Проходит наша волна. И ей самой не понять, благо она несла или зло, — она всего лишь волна, стихия. Поднялась и опала, ушла в песок.
Ушла бы… но самодержавие поставило заслон, волна ударила по нему, — и Россия услышала шум прибоя.
Откуда в море, из какой точки, начинаются волны? Найди попробуй. Они жили с ощущением кануна революции — вот-вот грянет, — не замечая, что живут в самой революции — общественной, породившей новую Россию, новую силу — разночинную на смену дворянской.
Он жаждал революции, верил в нее слепо и не мог видеть, предугадать результата, — просто знал, что далее терпеть такую жизнь невозможно. И теперь отчаивался, слушая Чернышевского, суровые, честные, жестокие слова его о том, что не может русская революция сразу дать народу свободу, будут новые угнетения и новые перевороты, и революционеры будут вновь и вновь погибать, вновь и вновь воскресать. «Но иного пути нет».

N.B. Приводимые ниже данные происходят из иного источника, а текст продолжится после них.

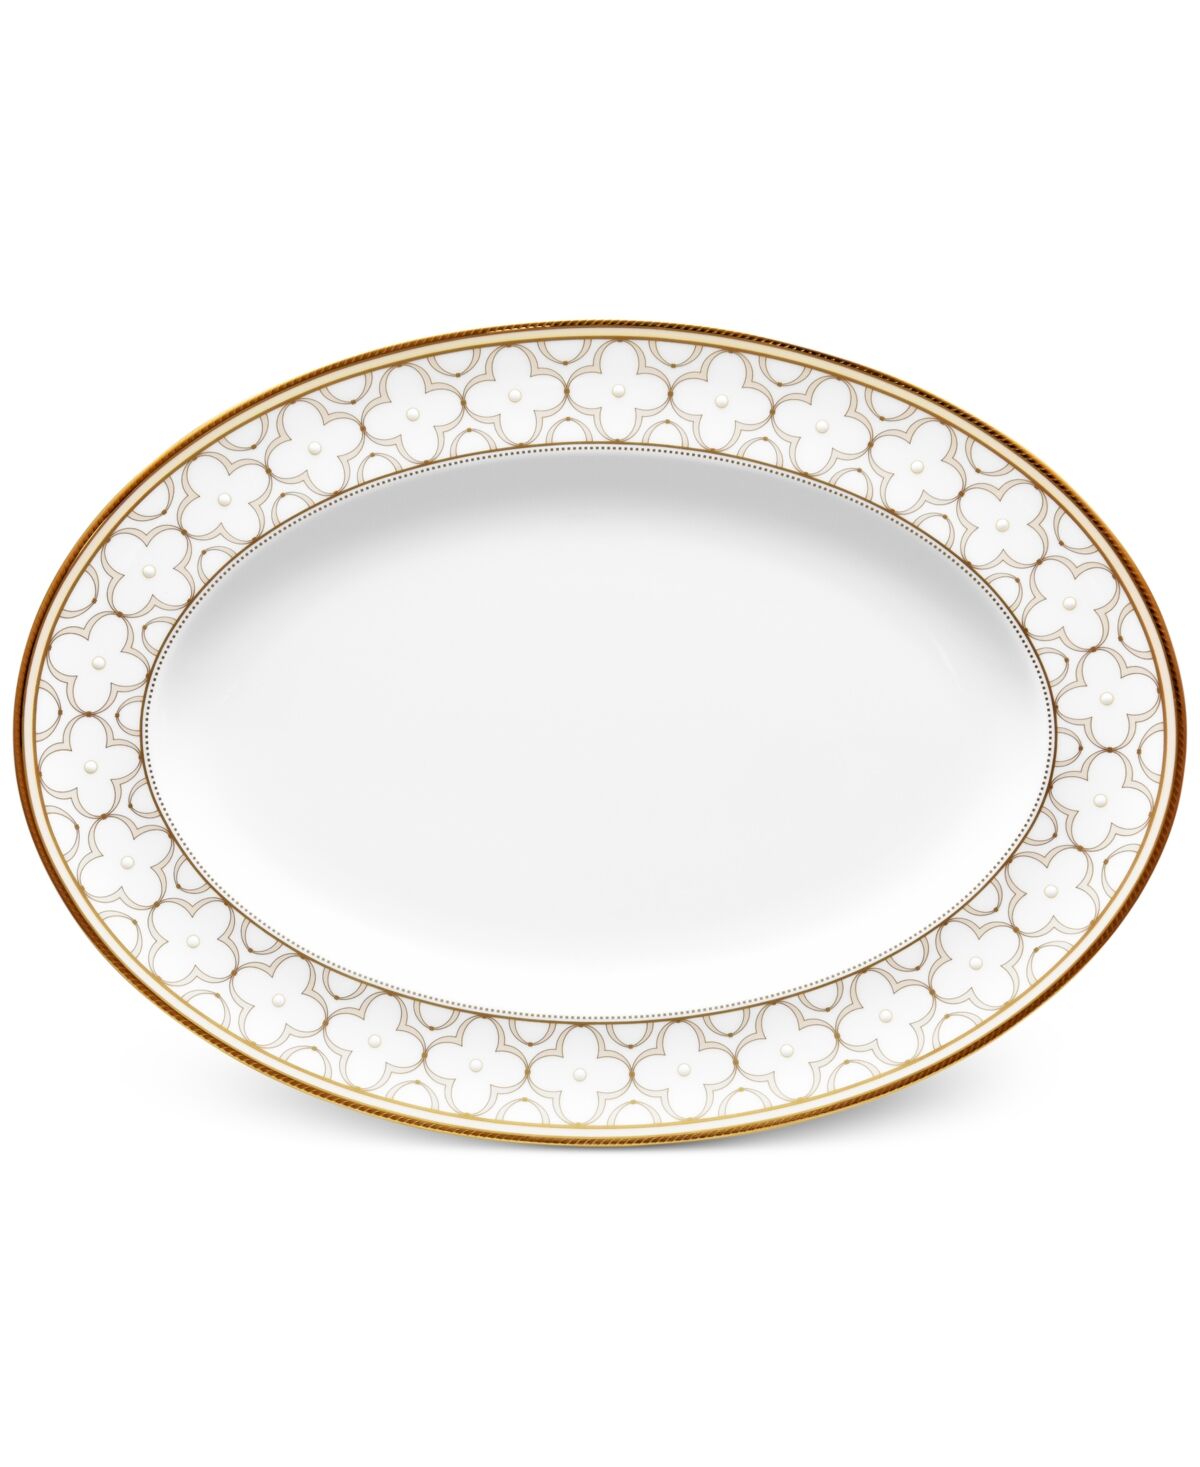 Noritake Trefolio Gold Dinnerware Collection Oval Platter - Class Gold

А сейчас Михайлову надо копить силы и чеканенную свободу. Авось помогут Ураковы. Выйдя на поселение, он соберет школу, будет учить детей, сеять разумное, доброе, вечное и… получать серебром за урок. Он составит книгу стихов своих и иностранных поэтов, ведь все время в каторге он переводил Гете, Шиллера, Беранже, Мицкевича, Шевченко, Петефи, Томаса Гуда, перевел Бернса «Ухожу я, Джен, — таю, как снег в поле», и снова Гейне: «Я это знал. Все это снилось мне: и ночь в твоей сердечной глубине, и грудь твою грызущая змея, и как несчастна ты, любовь моя!»
Говорят, у злобных болит желудок, у завистливых болит печень, у добрых болит сердце. А у слишком добрых оно и болит слишком…
Желто засветились окна в поселке.
— Пошлите, — сказал конвойный.
ГЛАВА ДВАДЦАТЬ ТРЕТЬЯ
Поезд замедляет ход, пассажиры приникли к окнам, поверх голов их он видит малиновые узкие здания, черепичные крыши. «Грезден! Грезден!» Почему Грезден, по-каковски Грезден, если правильно Дрезден? Как тут все изменилось, однако, прежде были совсем другие здания возле вокзала. Он выходит последним и смотрит не вперед — там нет ничего, пусто, — а назад и видит на сухой поляне камни, одни камни; где же хваленый немецкий порядок? — булыжники вразброс, хотя и парами, один большой, один маленький и непременно по два, и оттого в хаосе намек на гармонию, будто он и она, прочно рядом и вечно, каменно. Он смотрит на них, пытаясь понять, к чему все это? и нельзя ли так сделать по всей земле — он и она, он и она и ничего больше? А может быть, здесь не Германия, может быть, Свободославия? Но почему никто не встречает члена правительства?.. Он идет дальше один и видит летний бульвар, на углу дом с башней, с балюстрадой и статуями, а в нем сверкающий магазин серебряных и золотых изделий Кристофля; он узнаёт дом герцога Ришелье и видит в нише безногую старуху со скрипкой, она играет Шопена, полукругом стоят поляки в кандалах и суконных халатах, серые полы и бурые рукава. Они слушают Шопена благоговейно, и он слушает тоже, закрыв глаза. Звуки несут его по небу, он летит над панорамой Европы, проплывает Петербург со шпилями крепости и Адмиралтейства, проплывает Оренбург с караван-сараем, слева Каменный пояс, кабаки «Прощай» и «Здравствуй», а справа, вдали за степью, за Золотой Аркой, могила Валиханова; а он летит дальше за Байкал на Нерчинск, слышится посвист крыльев, и опускается на скалу в Кадае ногами вперед, как птица. Крылья уже сложены, а посвист остался — в груди свистит, в горле. Он открывает глаза. Возле постели сидит его брат в мундире, на столе рядом лежит его кобура с револьвером.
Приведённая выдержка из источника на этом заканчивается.